The game features a photo mode that allows players to use a free-moving camera to take and save screenshots, with additional options such as filters and stickers. Use of the Odyssey-themed Mario, Peach, and Bowser Amiibo figurines allow for special in-game abilities and unlocking special costumes which are otherwise unavailable until after the player completes the game and collects enough Power Moons. Other Amiibo can be scanned to provide hints to finding Power Moons.

A hide-and-seek minigame, called "Luigi's Balloon World", was released as part of an update on February 21, 2018. In this mode, players have 30 seconds to hide a balloon somewhere in a kingdom, which is then attempted to be found by others playing the same mode. A leaderboard system ranks the players who have found the most balloons.

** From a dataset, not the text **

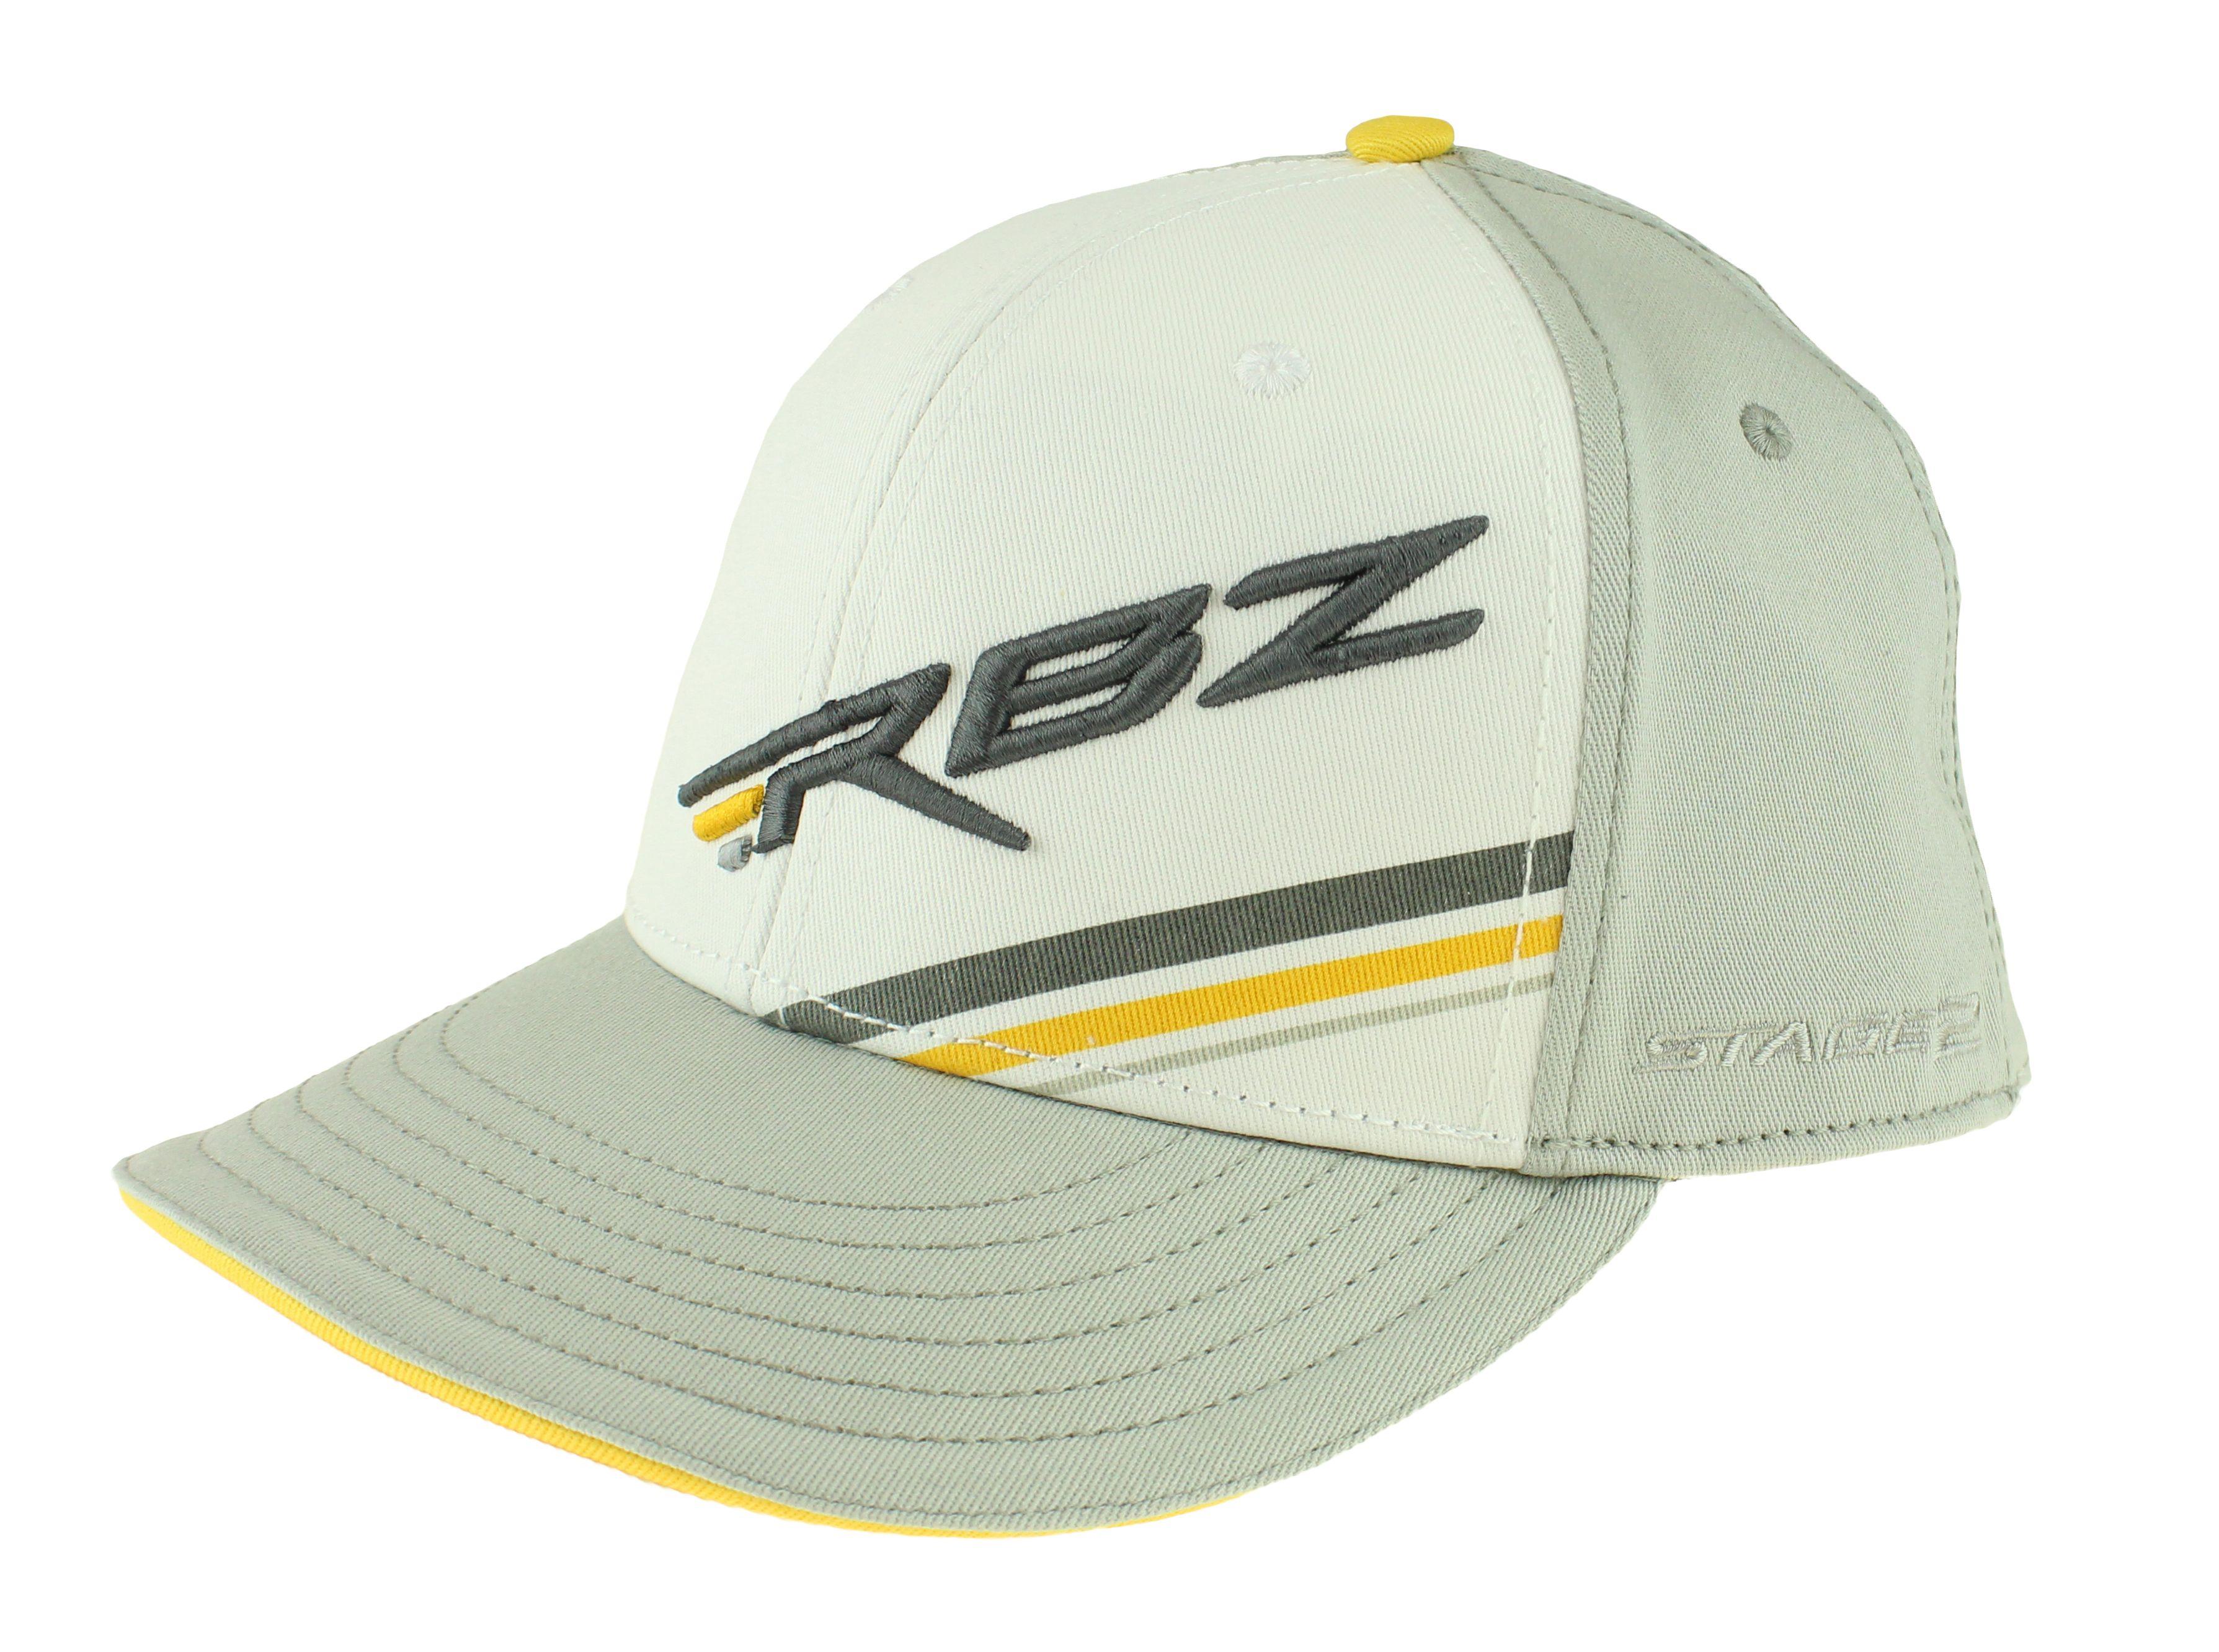 RBZ Logo - Details about TaylorMade Rocketballz RBZ Stage 2 Mens Flat Bill Golf Hat  Cap, White - Grey
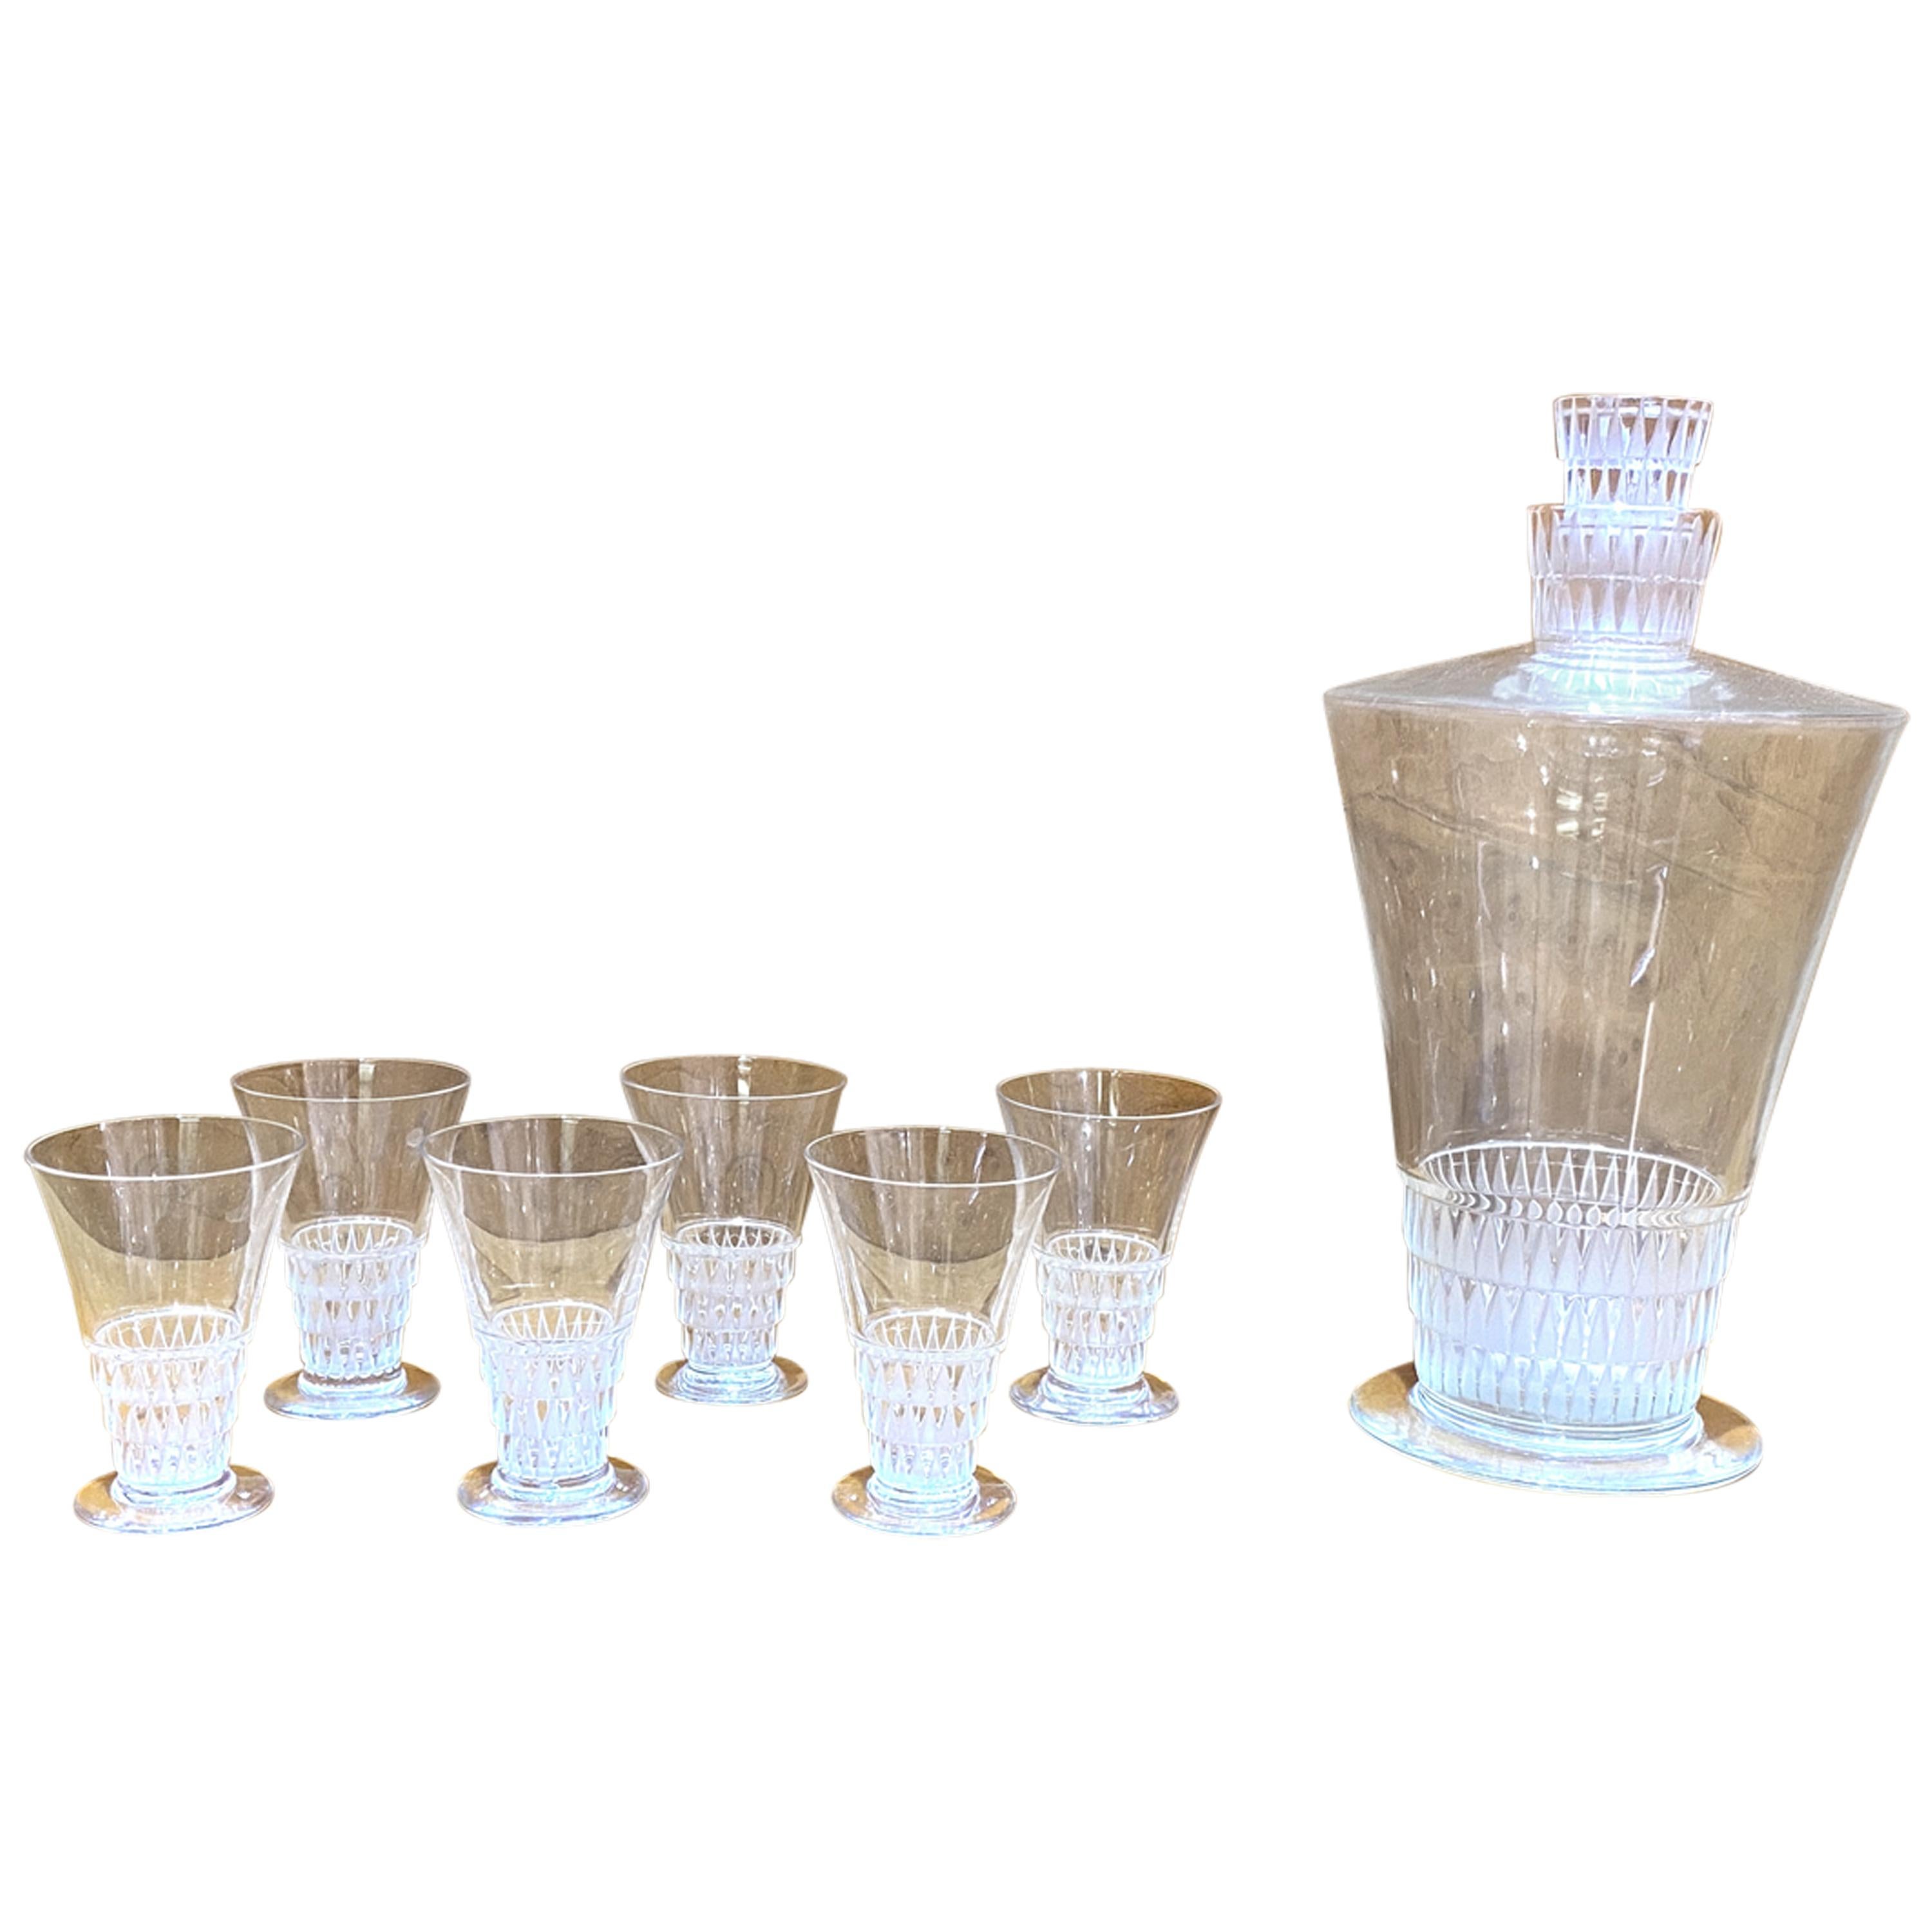 1930 René Lalique Original Bourgueil Liquor Set of 7 Pieces 6 Verres 1 Carafe

The game was updated in 2019 to be compatible with the Nintendo Labo virtual reality kit. In this mode, Mario must complete challenges in a number of kingdoms to recruit musicians and give them instruments by completing tasks related to musical notes.

==Plot==
Bowser kidnaps Princess Peach from the Mushroom Kingdom and takes her aboard his airship, intent on forcibly marrying her. Mario, also aboard, attempts to rescue her but is knocked off the ship by Bowser's hat after a brief fight and falls into the neighboring Cap Kingdom. With Mario gone, Bowser stomps on Mario's cap and lets it drift into the ship's rear propellers, shredding the cap to pieces. A piece of the hat is grabbed by Cappy, one of the Cap Kingdom's sentient hat-like creatures called Bonneters. The two meet, and he explains to Mario that Bowser also kidnapped his little sister Tiara to be used as Peach's wedding tiara. Cappy joins Mario and takes the shape of Mario's cap, providing him with the ability to throw his cap and temporarily control or capture other creatures and objects and utilize their abilities. They travel to the nearby Cascade Kingdom, recover an airship called the Odyssey, and begin hunting Bowser down.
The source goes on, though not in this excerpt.